The ScenarioMIP simulations are initialised on 1 January 2015, with the ensemble members using initial conditions taken from the CMIP6 DECK ‘historical’ experiment. From this date onwards, the three SSP scenarios follow different evolutions of anthropogenic external forcings (greenhouse gases, aerosols, land use change) and also include natural forcings (solar irradiance and volcanic forcing). In Fig. 3, we compare temperature trends between the three unique permutations of pairs of the SSP scenarios starting in 2023. By this date, the climate states in the individual realisations have already diverged from their initial conditions, both due to external forcings and internal variability.

Satellite weighting functions

We use the monthly mean ‘ta’ variable model output, providing atmospheric temperatures on 17 standard pressure levels up to 1 hPa, and the ‘tas’ variable providing near-surface air temperature. All data are globally and annually averaged. GSAT is calculated as in ref. 30.

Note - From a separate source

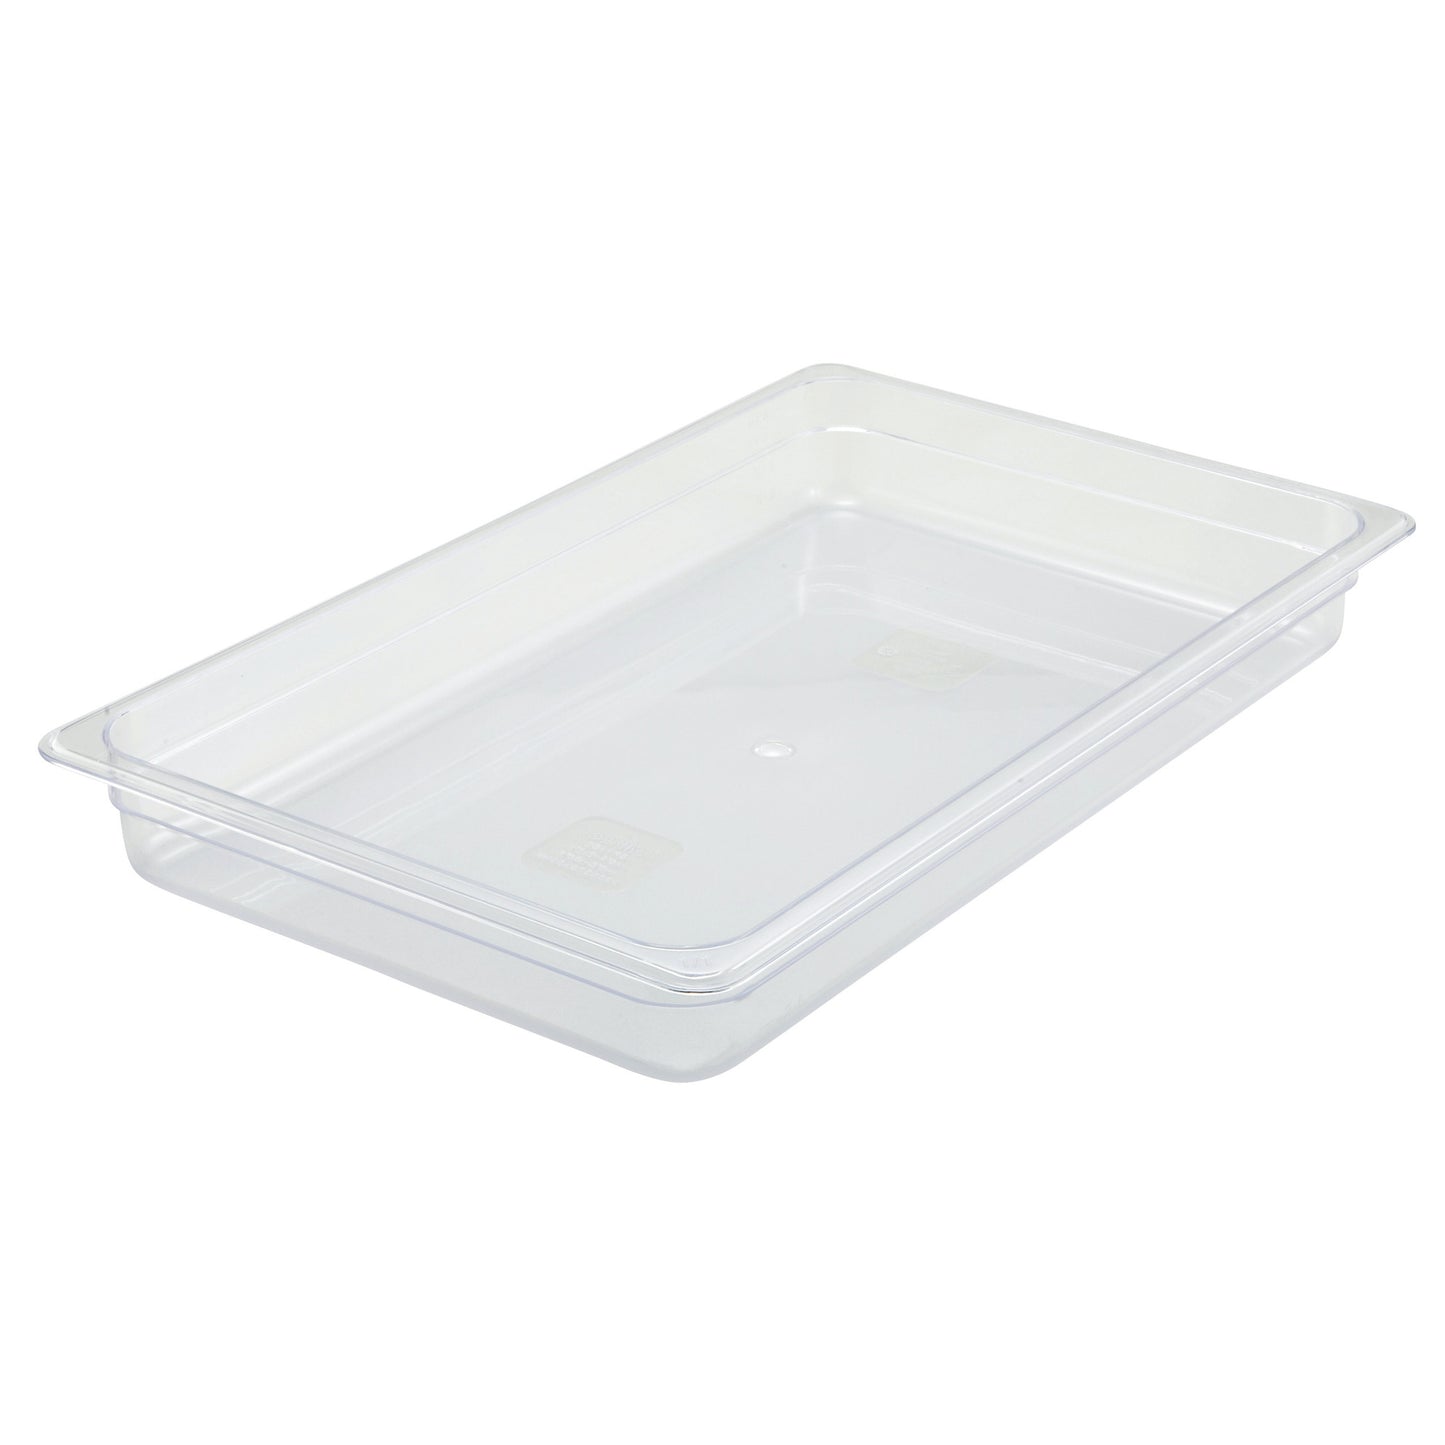 SP7102 - Polycarbonate Food Pan, Full-Size - 2-1/2"

We apply three weighting functions to the climate model output to produce synthetic satellite observable atmospheric layer temperatures. The TLS weighting function is from Remote Sensing Systems (http://www.remss.com/) and peaks near 18 km. The TMS and TUS weighting functions are based on Stratospheric Sounding Unit 1 and 2 channels, peaking near 30 km and 37 km, respectively, with weighting functions taken from NOAA STAR SSU version 3 dataset (https://www.star.nesdis.noaa.gov/smcd/emb/mscat/) following21,31. While the actual weighting functions are weakly dependent on latitude (e.g., ref. 21), for simplicity, we use constant weighting functions, which are shown in Fig. S1. The functions were interpolated to the models’ 17 fixed pressure layers. Previous work has shown that data up to 1 hPa are sufficient to sample the SSU2 channel16. Some studies have used the ‘plev39’ variable from the AerChemMIP project to give higher vertical resolution modelled temperatures. This variable was not available for all the models and scenarios we analysed in this study. However, we tested the sensitivity of the TUS trends to the inclusion of levels above 1 hPa using CanESM5, which provided the ‘plev39’ variable for its large ensemble for the SSP3–7.0 scenario. This showed that including the 10 additional layers at pressures below 1 hPa has virtually no effect on the calculated near-term TUS trends (see Fig. S2).

Statistical methods

For each ensemble member, we calculate least squares linear trends of length 5, 10, 15, and 20 years with a start year of 2023. We quantify the difference in trends between each pair of scenarios using the overlap of percentiles. For each comparison, we started by focusing on the higher forcing scenario, i.e., SSP2–4.5 in the SSP1–1.9 vs. SSP2–4.5 comparison, calculating the 90th percentile and 10th percentile trend values. These percentile limits were chosen to ensure that the results would not be strongly influenced by outlier points. Next, we calculate which percentiles of the lower forcing scenario, i.e., SSP1–1.9 in the SSP1–1.9 vs. SSP2–4.5 comparison, these values correspond to. The degree of overlap is defined as the difference between the corresponding percentiles of the lower forcing scenario. This measure of overlap is bounded at 100%.